Foto vencedora: “Emancipation Memorial Debate” – Evelyn Hockstein (Estados Unidos)
Na foto de Evelyn Hockstein para o The Washington Post, a estátua de Lincoln ao fundo é a chave da questão. Anais, como os demais ativistas do Black Lives Matter presentes no protesto, quer a remoção do Memorial da Emancipação, em Washington.
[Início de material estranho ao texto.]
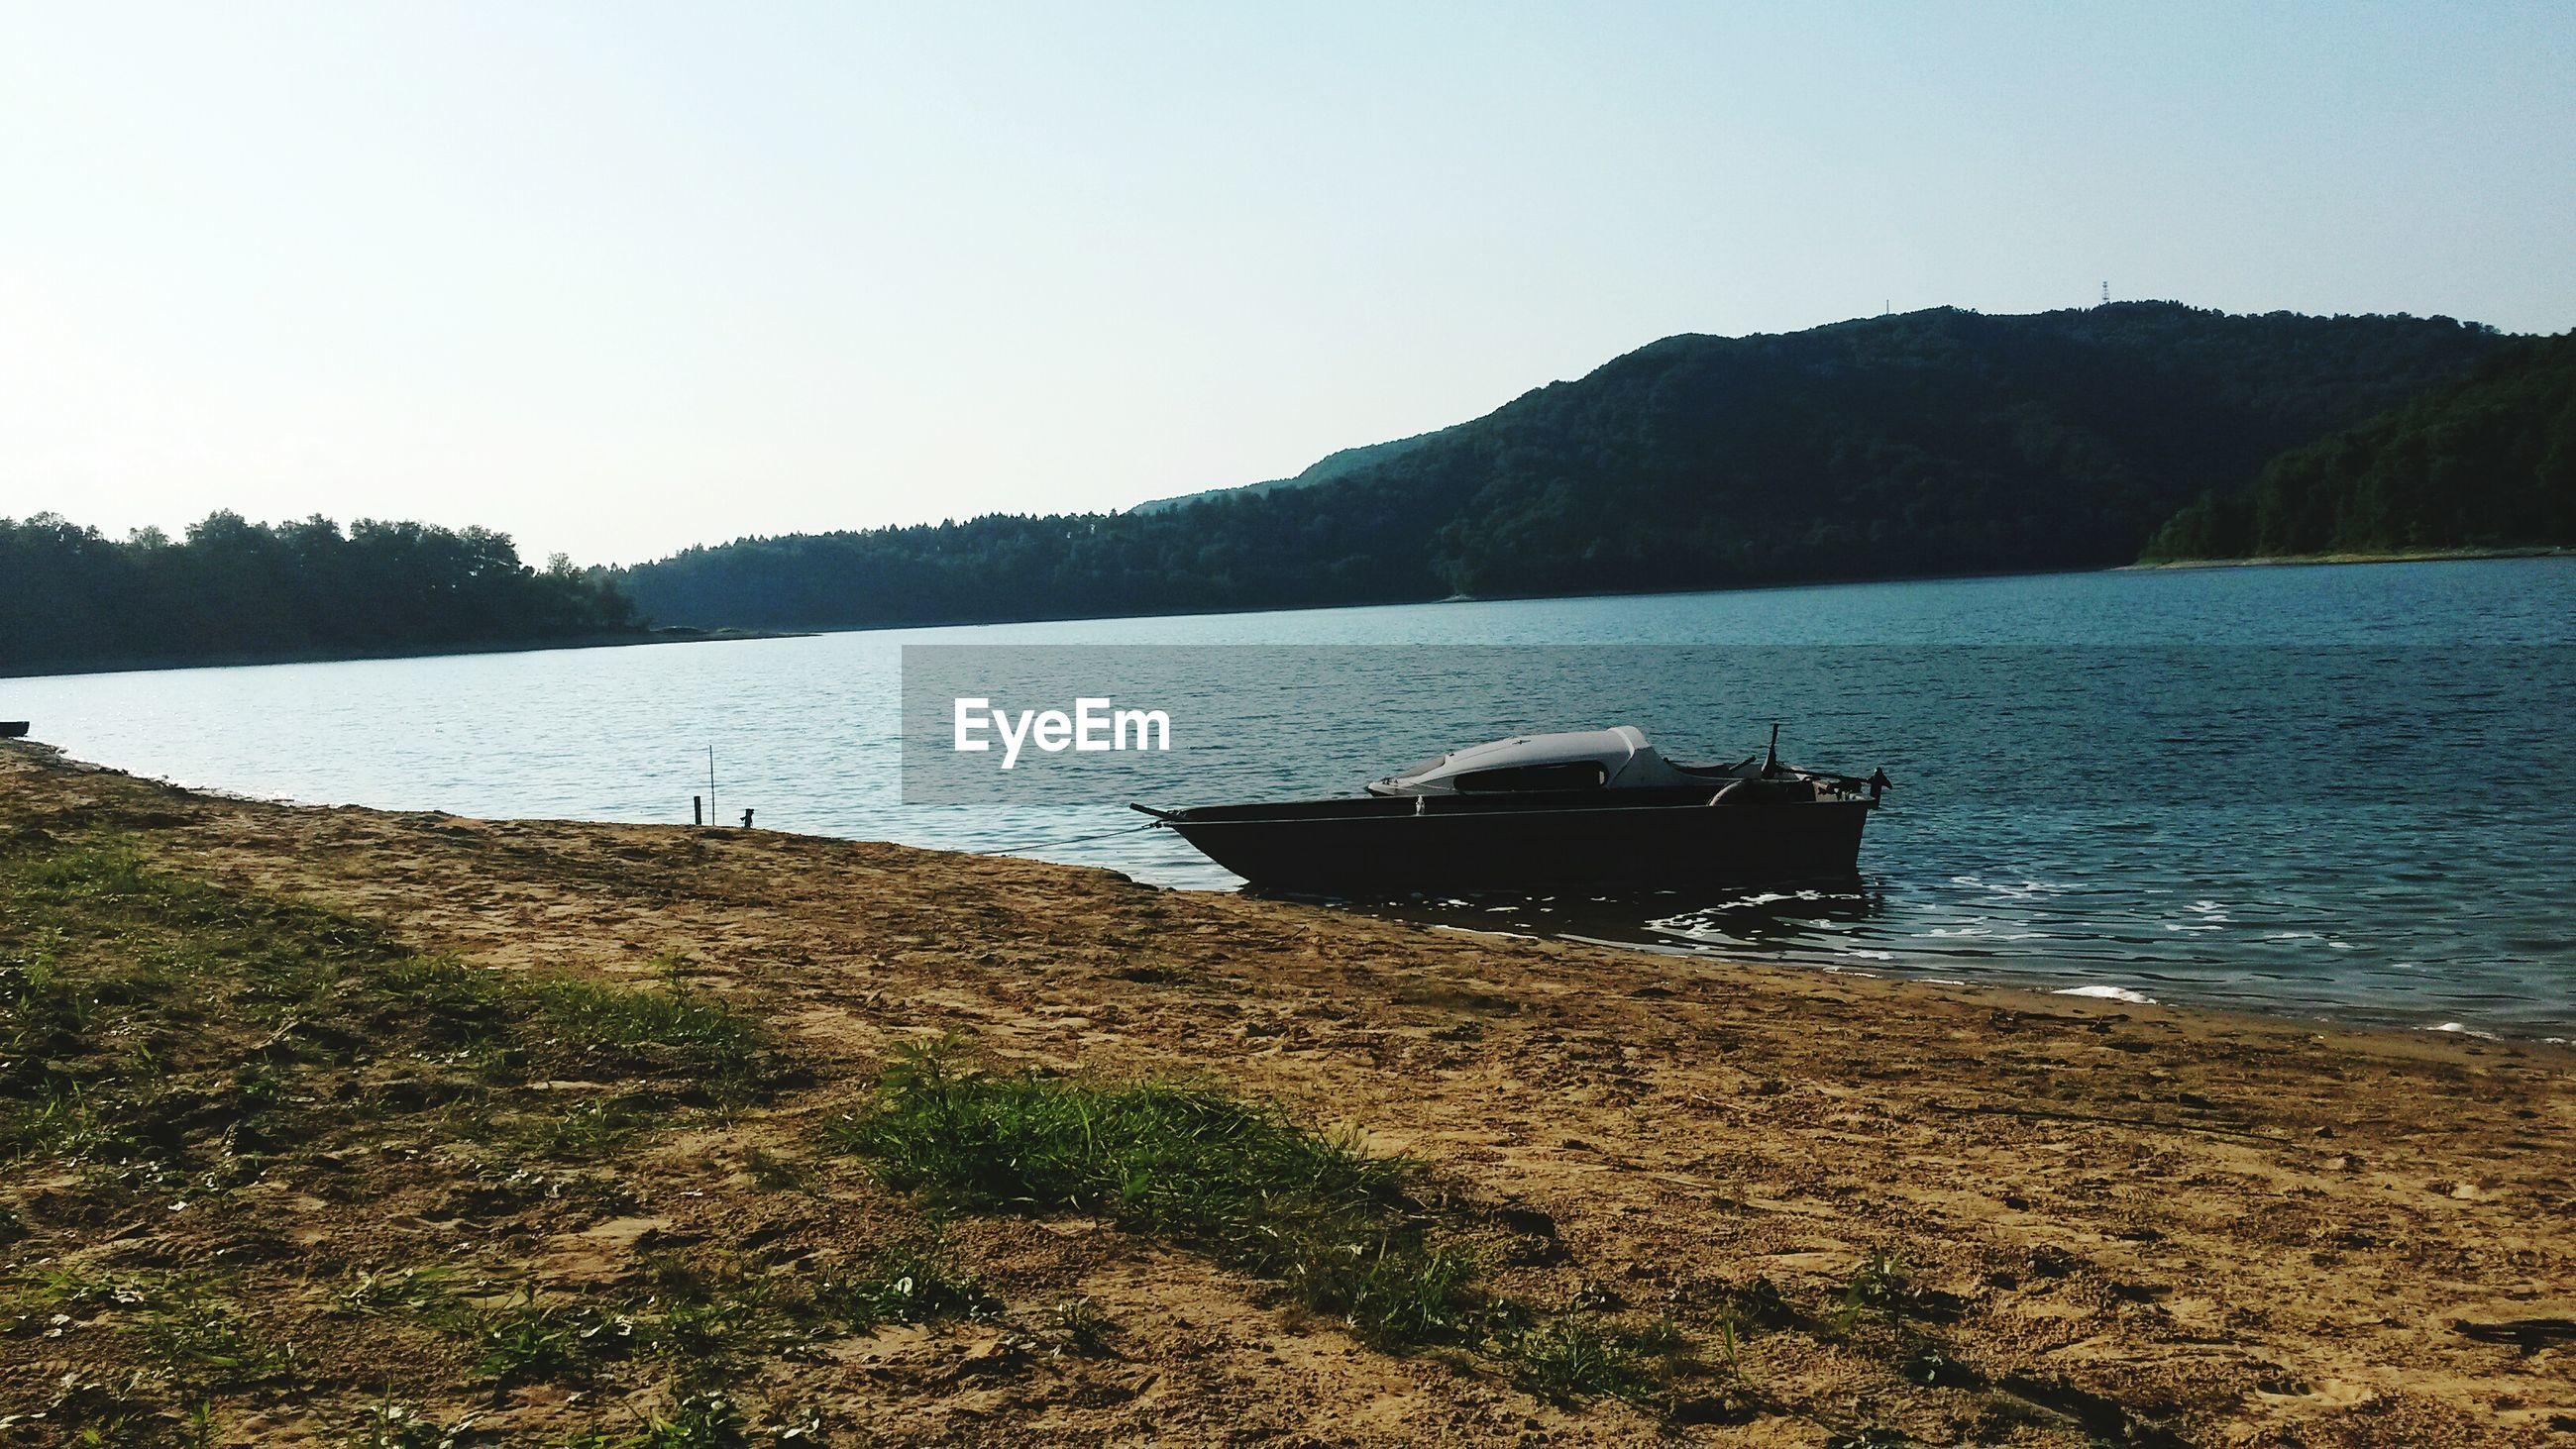 Motorboat moored at shore in lake against sky

Durante a manifestação em 25 de junho de 2020, ela é confrontada por um homem branco. A estátua de Lincoln segura a Proclamação da abolição, tendo um homem negro ajoelhado a seus pés vestido com uma tanga.
Os críticos argumentam que o memorial é humilhante na sua representação dos negros. Os defensores dizem que a remoção representa um apagamento da história. Sobre a foto, Mulugeta Ayene, membro do júri, disse:
“Você pode sentir a dor dela e compreender suas emoções. Do lado dela, o homem discutindo. E temos a estátua ao fundo. É muito rato capturar tudo isso para mostrar em uma foto.”
Reportagem vencedora: “Port Explosion in Beirut” – Lorenzo Tugnoli (Itália)
Na foto superior, um homem ferido caminha desorientado em meio aos escombros no porto de Beirute, enquanto os bombeiros trabalham para apagar os incêndios nos armazéns. Por volta das 18h do dia 4 de agosto de 2020, uma grande explosão, causada por mais de 2.750 toneladas de nitrato de amônio, sacudiu a capital do Líbano.
A explosão, que registrou 3,3 na escala Richter, danificou ou destruiu cerca de 6 mil edifícios, matou pelo menos 190 pessoas, feriu outras 6 mil e desabrigou até 300 mil. O nitrato de amônio veio de um navio que havia sido apreendido em 2012 por não pagar as taxas devidas ao porto e foi abandonado pelo seu proprietário.
Os funcionários da alfândega escreveram aos tribunais libaneses pelo menos seis vezes entre 2014 e 2017, perguntando como se livrar do explosivo. Até que ocorreu a tragédia, captada pelas lentes do fotógrafo italiano Lorenzo Tugnoli. O jurado Gurung Kakshapati fala do impacto que a reportagem causou no júri:
“Acho que estas imagens da explosão do Porto de Beirute captam toda a dor da situação. A do homem forte mostra a sua fragilidade profunda neste momento de crise, de uma forma bonita.”